Call 855-808-4530 or email [email protected] to receive your discount on a new subscription.
Courts are increasingly ordering counsel to identify and produce information beyond traditional e-mail and loose files. Whether its employee and payroll data related to a wage and hour dispute or trade data related to a market manipulation investigation, understanding the Electronic Discovery Reference Model (EDRM) as it relates to increasingly larger volumes of structured data has never been a more critical e-discovery capability. Structured data repositories, whether live or deactivated legacy systems, reside behind all corporate firewalls. This structured information is often complex and no two repositories are the same. A forensic examiner may encounter complex data models, encrypted fields, and highly customized, proprietary or third-party systems which may make data retrieval difficult. As a result, collection, processing and hosting methods are unique to each case and dictated by the structured data relevant to the matter.
Structured data is electronically stored information (ESI) that is organized and stored in a structured format, often in a database, mainframe or other repository. This article outlines some key differences between structured and unstructured e-discovery processes, structured data challenges, and key considerations that lead to accurate productions in a cost-efficient manner.
Identification
The first challenge to structured data e-discovery is identifying the relevant pieces of information required to conduct a thorough and timely investigation. While unstructured data is typically stored as stand-alone discrete files, structured data is often divided into fields across multiple tables. The requesting party is only entitled to fields that contain relevant information. To identify relevant structured data, an examiner must first ob tain an understanding of the client's operations and data storage facilities. This includes identifying key IT and operations contacts and understanding the network topology, system locations (and related data privacy laws), server platforms, applications and estimated data size. This allows an examiner to determine the requisite hardware and software tools needed to preserve, collect and process the data, as well as the repository size required to host the data.
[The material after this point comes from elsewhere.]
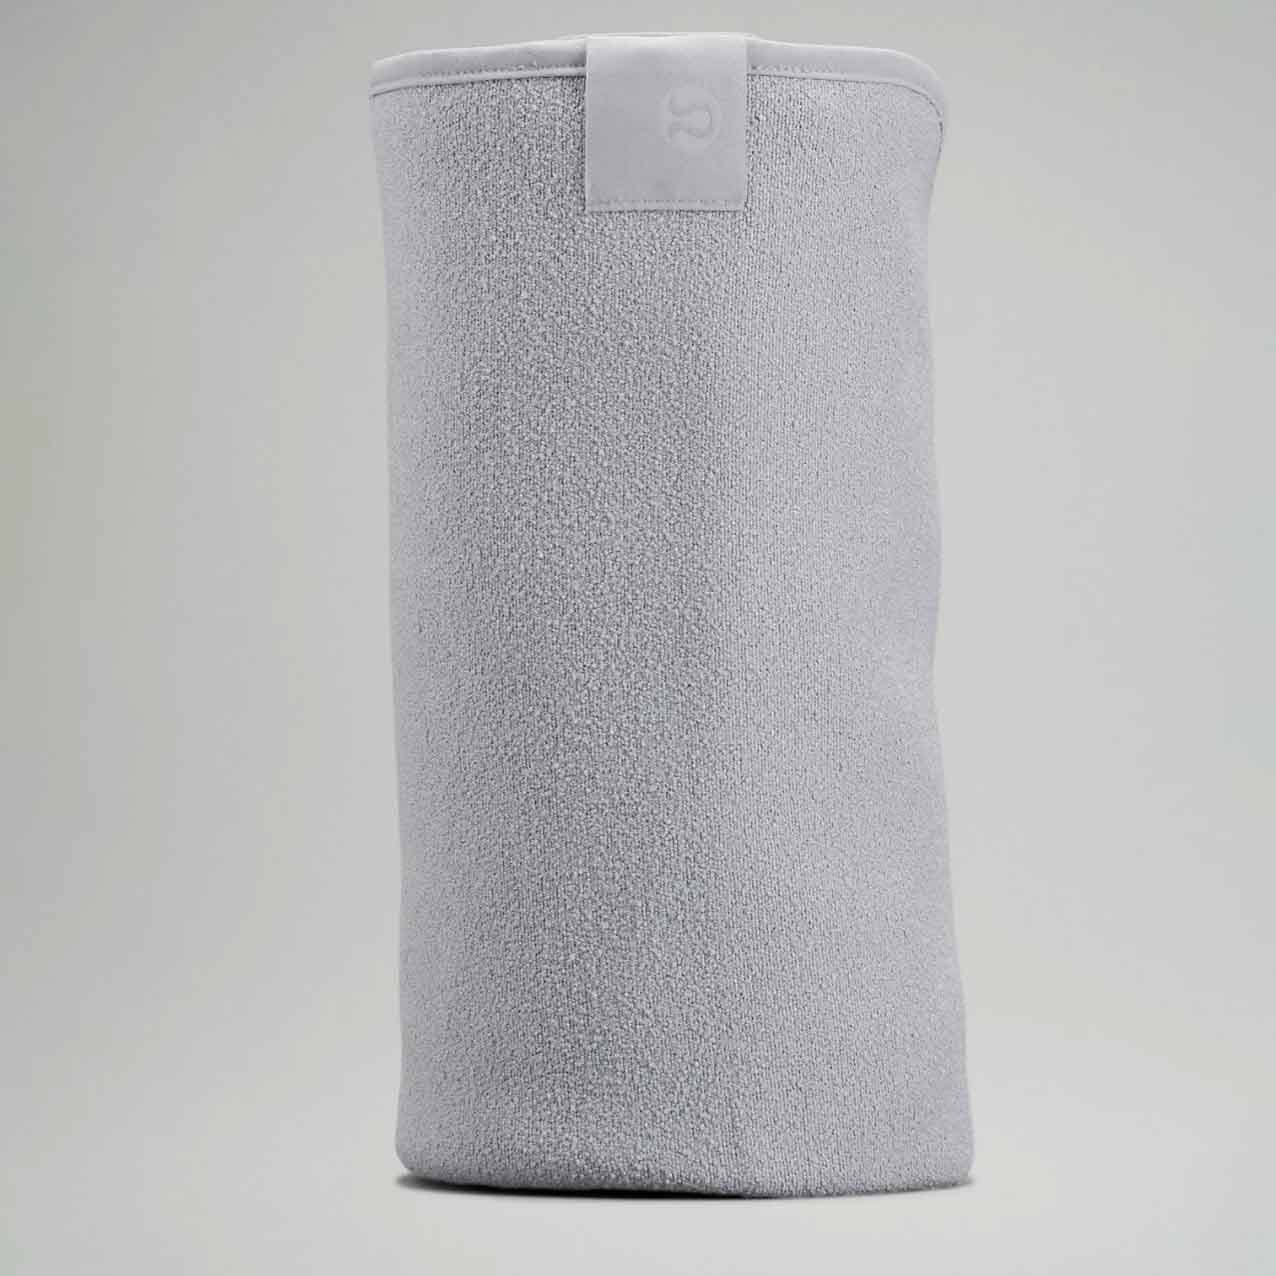 Grey folded towel mat

Interviewing business owners and IT system owners of the data early on in the e-discovery process to avoid irrelevant collections or multiple extractions is a critical first step. Relevant data maps, schemas, or dictionaries should be obtained prior to the interviews to facilitate the discussion. Does data relevant to the case reside with third-party service providers or in the cloud? Whereas unstructured data typically resides within a corporation, structured data may not. In that instance, the provider may require that the forensic examiner sign a non-disclosure agreement prior to providing data maps and access to the information. The time it takes to get data residing on third party systems can vary. Early identification will help expedite the collection process.
It is also important to understand the nature of the data being collected. Databases often contain large amounts of private data. Personally Identifiable Information (PII), customer records, credit card numbers, Social Security numbers, financial records as well as Personal Healthcare Information (PHI) may be present in these structures and are subject to state, national and international privacy laws.
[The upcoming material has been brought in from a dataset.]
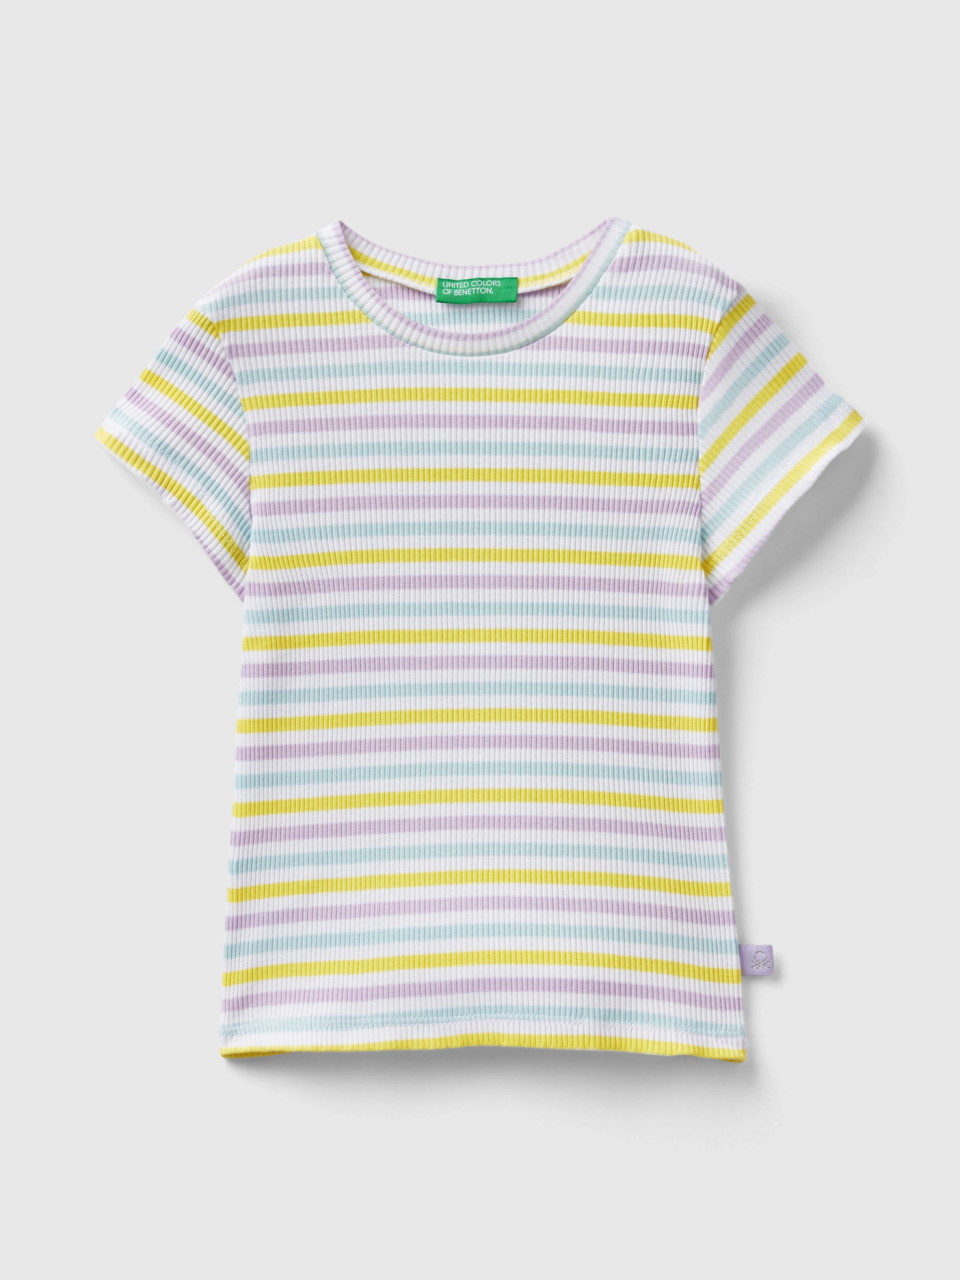 Benetton, Camiseta Slim Fit De Rayas, Multicolor, Niños

Following the identification phase, counsel and the forensic examiner can begin assessing the burden to produce. Some considerations include: data availability; additional backup tape and hard drive space requirements; operational impact; and data volumes.
Preservation
With relevant ESI identified, a preservation plan must be established to ensure that the destruction or alteration of ESI is suspended. While unstructured data is fairly static in nature, structured data is often dynamic as normal business operations generate new records, update existing records, and destroy old records using automated truncation scripts. IT and business owners should receive a preservation hold notice stating relevant ESI and timeframe, and require confirmation of receipt. Discussions should occur on whether or not active data destruction and backup tape rotations should be suspended. If a timeline of events must be reconstructed and a separate change log within the repository does not exist, suspending backup tape rotation may be necessary and potentially costly. If a change log exists, a one-time full back-up or data export to a staging server may eliminate the need for backup tape suspension. If the matter requires suspension of data destruction in an active repository, additional costs for hard drive space may be incurred. Consider the option of using cold storage or other report repositories. If appropriate, these may be relied upon and deletion of the reports could simply be suspended.
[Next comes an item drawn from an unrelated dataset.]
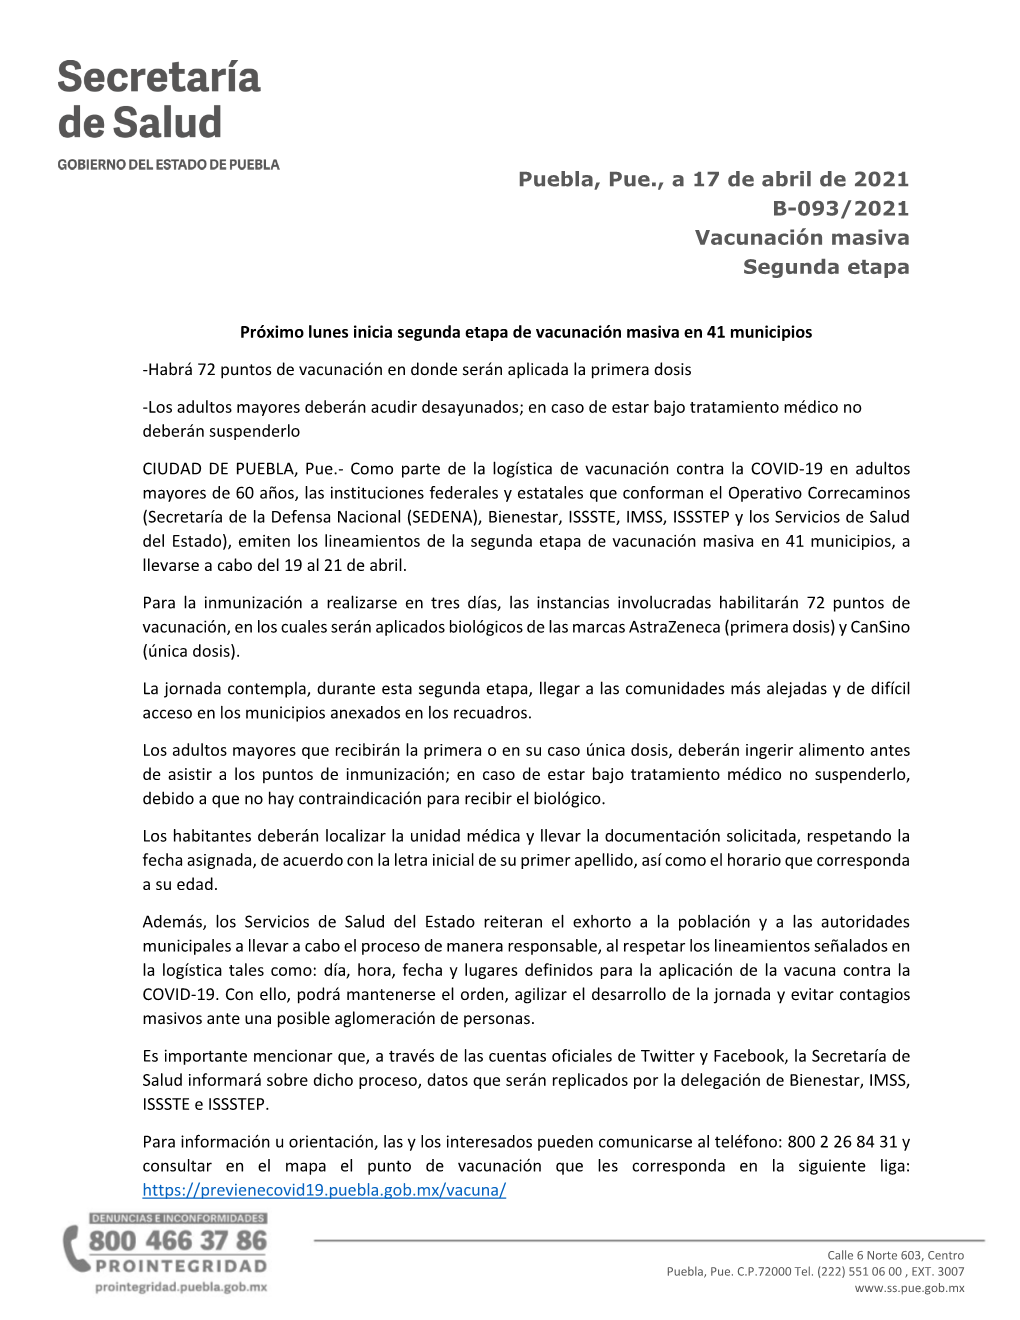 Puebla, Pue., a 17 De Abril De 2021 B-093/2021 Vacunación Masiva Segunda Etapa

Keep in mind that retention periods may vary from one table to the next and may even vary at the field level, so it's important to understand the life cycle of data within a table or field to ensure that all of the data within the established timeframe is preserved and subsequently collected. Relevant views and cross reference tables may have changed over time, impacting report output. To avoid potential fines, a broad preservation request should be delivered first then lifted as scope is narrowed.
Collection
Whereas unstructured data is collected using common ESI collection methods and tools, structured data collection varies based on underlying structure, extraction options, and production needs. Per the Sedona Conference Database Principles (available for download at http://bit.ly/Sr0OcR), to determine the burden to produce and agree on scope, requesting and responding parties should use empirical information. Prior to a full collection, sample extraction and testing is performed. In large enterprise databases, not all elements are owned or controlled by the same group and all relevant information may not be equally accessible. Portions of processing and data aggregation may be outsourced while the structures themselves are controlled by corporate. Or a company may own the raw data but the source code and database design in a cloud-based system may be proprietary. Fractured ownership of data and its underlying structure is a common challenge, even between a parent company and its subsidiary.
Counsel and forensic examiners should be aware of the operational impact of performing a live collection from a production environment. Extraction of live data can place a lock on extraction sources, preventing or delaying access to a system and causing an unintended business interruption. Business owners and IT personnel can help assess the impact of collection.
Prior to collection, a formal document and data request outlining all systems and required fields should be supplied to the data extraction teams. Since extraction is often done by internal IT or third parties, using chain of custody forms and obtaining a copy of the extraction scripts containing all filter criteria is essential. All data extracts must be verified. A forensic examiner should assess the extracted text data for quality and proper formatting and adjust extraction protocols and formatting as needed. Full extracts should be reconciled to the original source through check sums, record counts, and other verification procedures to help ensure completeness and accuracy.
Processing
Once structured data has been collected and validated, it is often loaded into a new structured format and transformed, consolidated, normalized and standardized. Data sources may be diverse, further complicating the processing phase. These can include public records, news articles, social media, business data (e.g., transactional, operational, financial, or sales), and third party data. Determining that the processing steps are in alignment with the overall e-discovery strategy and production needs is a critical step. Failure to do so will result in unnecessary costs, typically incurred at an hourly consulting rate.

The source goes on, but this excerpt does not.